About the whole "New Superman" thing, that is and how I was looking forward to it. In retrospect, maybe I shouldn't have looked forward to the New Superman quite so much. One of those, "it seemed like a good idea at the time, but now I'm not so sure," things. Kind of like "New Coke."
No, wait, New Coke was never a good idea. But here's the problem. The New Superman showed DC that it could successfully retrofit the continuity of a character and give him new continuity mid-stream--or retcon him, as it's called now. The idea of retconning Superman wasn't per se bad. Not if it could have stayed with Superman. It didn't. The New Superman came on the heels of Crisis on Infinite Earths, when most of the DC Universe continuity had been retrofitted. And, because the New Superman was a success, DC decided it could--so should--retrofit all of its heroes. Which it proceeded to do.
Piecemeal.
So piecemeal, in fact that now, they're retrofitting the Superman retrofit and re-instating Old Krypton into the New Superman continuity.
Piecemeal retconning.
That is, most definitely a bad idea. Let's face it, if we had never gotten the New Superman, we would never have gotten the mess that has become Hawkman continuity. And for that we'll always have to blame Superman.
******
"The Law is a Ass"
Installment # 81
by
Bob Ingersoll
We stand on the threshold of a new era, Ladies and Gentlemen. The Superman we knew and loved--well, recent sales figures might discredit that loved part--is to be no more. A new revitalized and streamlined Superman is to be introduced to us next summer courtesy of John Byrne.
Now don't get me wrong. I look forward to the new Superman. Superman is a character, who for the last several years, I have read more out of loyalty than enjoyment. I think what John has planned for the character will be good. Still, the passing of the old Superman will be the end of an era of sorts. So I thought I'd pay a tribute of sorts to the old with a column about a couple of great moments in the law from the old Weisinger edited Superman of the 60's.
******
First up, we have an oldie about which I had completely forgotten, until Randy Freeman of Riverside, California reminded me, "The Day Superman Broke the Law!" from Superman # 153, the May 1962 issue. It's really quite a kick looking at these old Superman comics, which I first read, when I was under the age of ten. This book has one story each in the very distinctive styles of Al Plastino, Curt Swan, and John Forte. I know when I first read it, I didn't see the differences in art style and thought the same man had drawn all three stories. But enough sentimental goo! There's legal stuff to pick apart.
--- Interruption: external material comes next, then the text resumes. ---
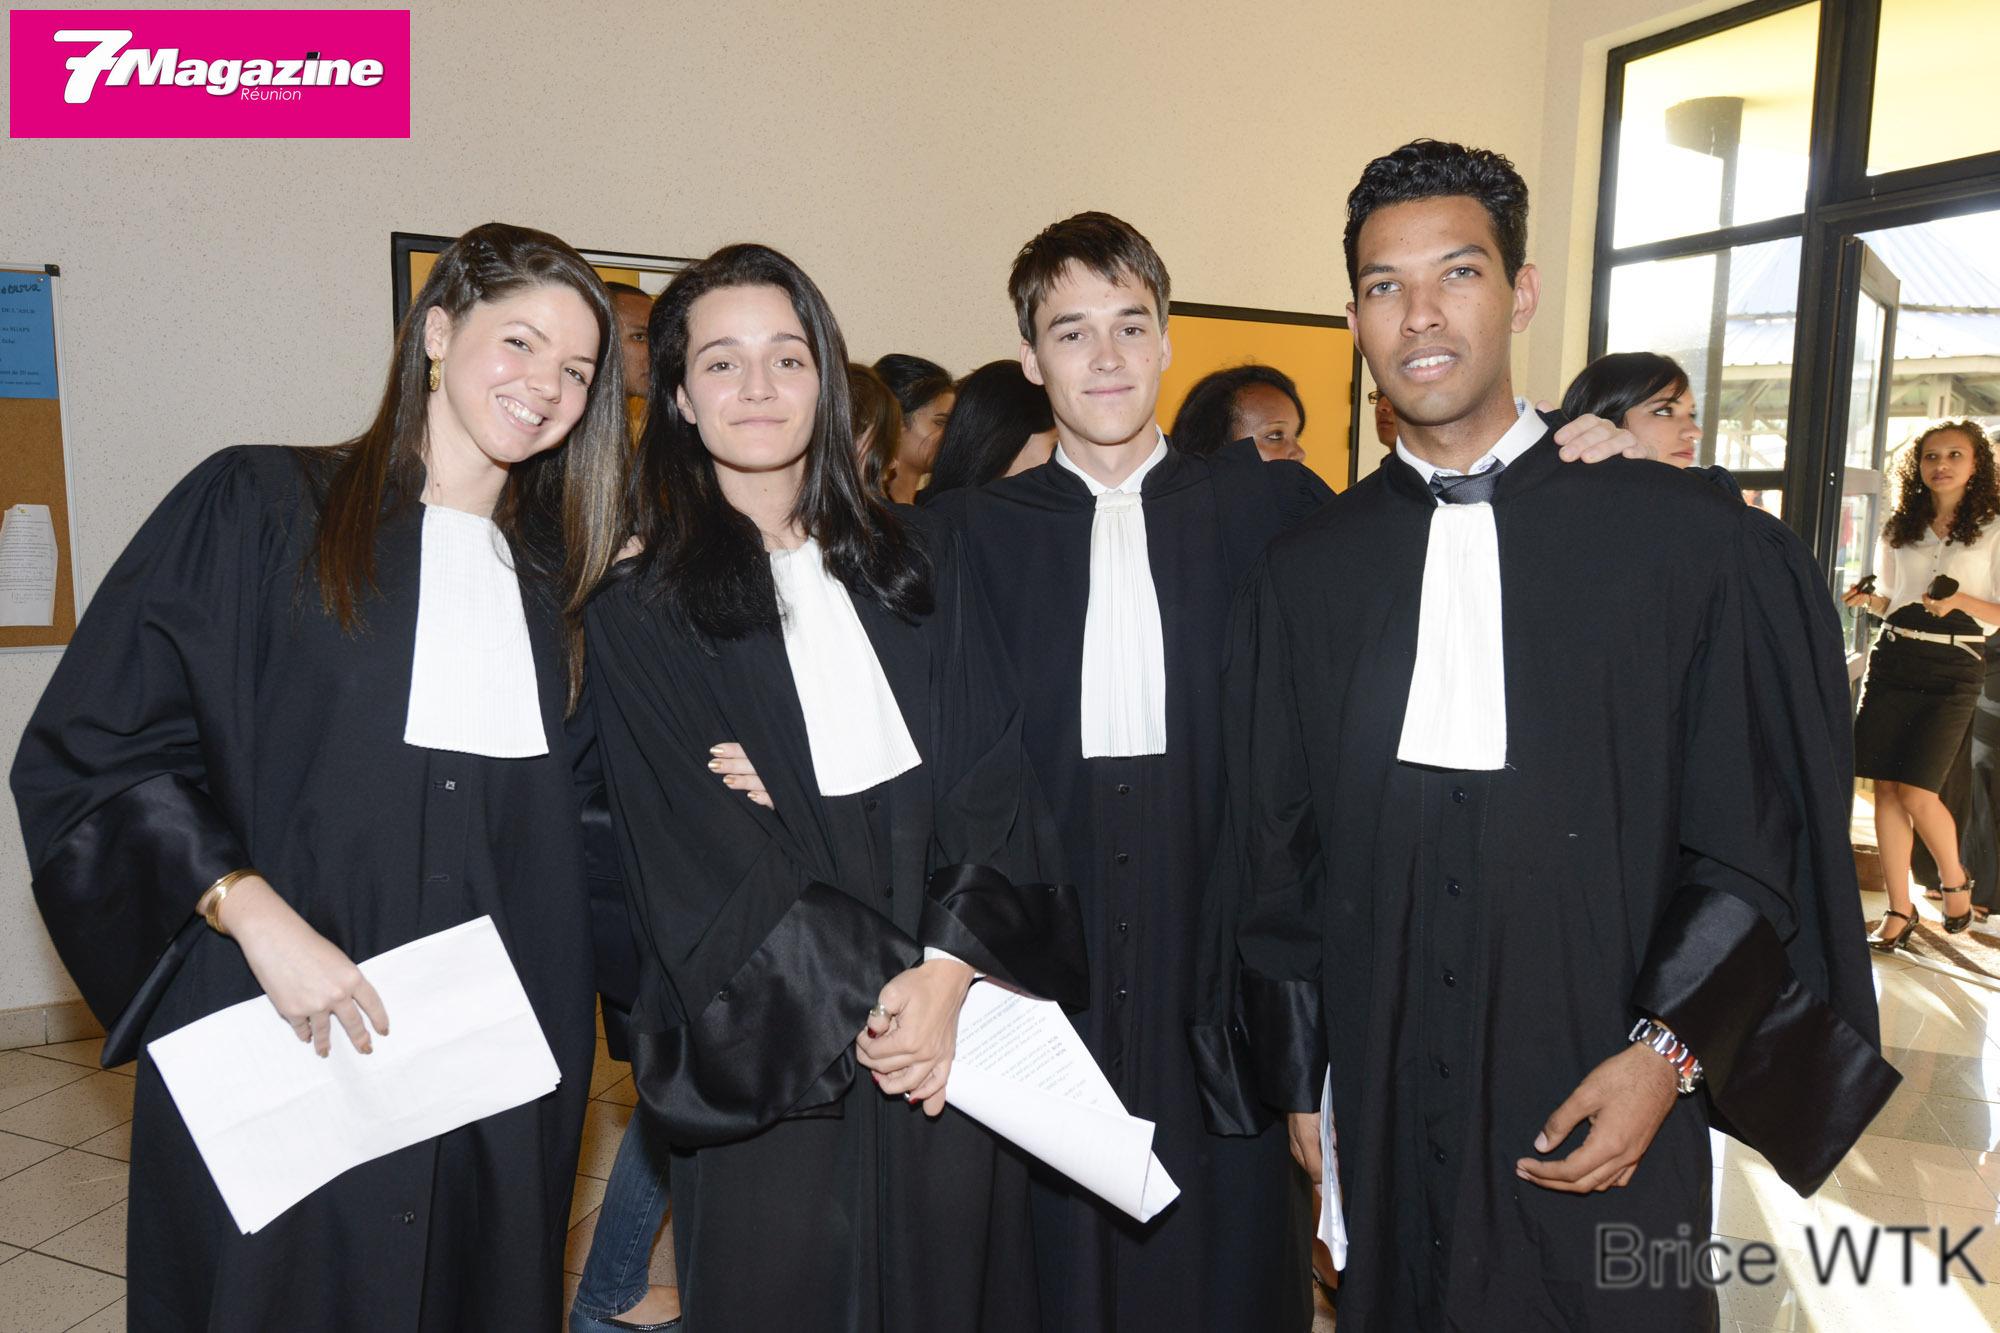 Diagonale des juristes, les plaidoiries

Superman goes to the small town of Littledale (no doubt a first cousin to Smallville), because his Emergency Monitor had warned him of impending danger to the town. The story never answered the logical questions, what is an Emergency Monitor, how does it predict upcoming Emergencies, and why had we never seen it before or ever seen it since? Anyway, Superman goes to Littledale, where his presence in town is not appreciated by Councilman Finch, who is a criminal and is planning a big job. He wants Superman out of the way, so he spends most of the story arranging for Superman to break the law, so that he will be thrown in jail.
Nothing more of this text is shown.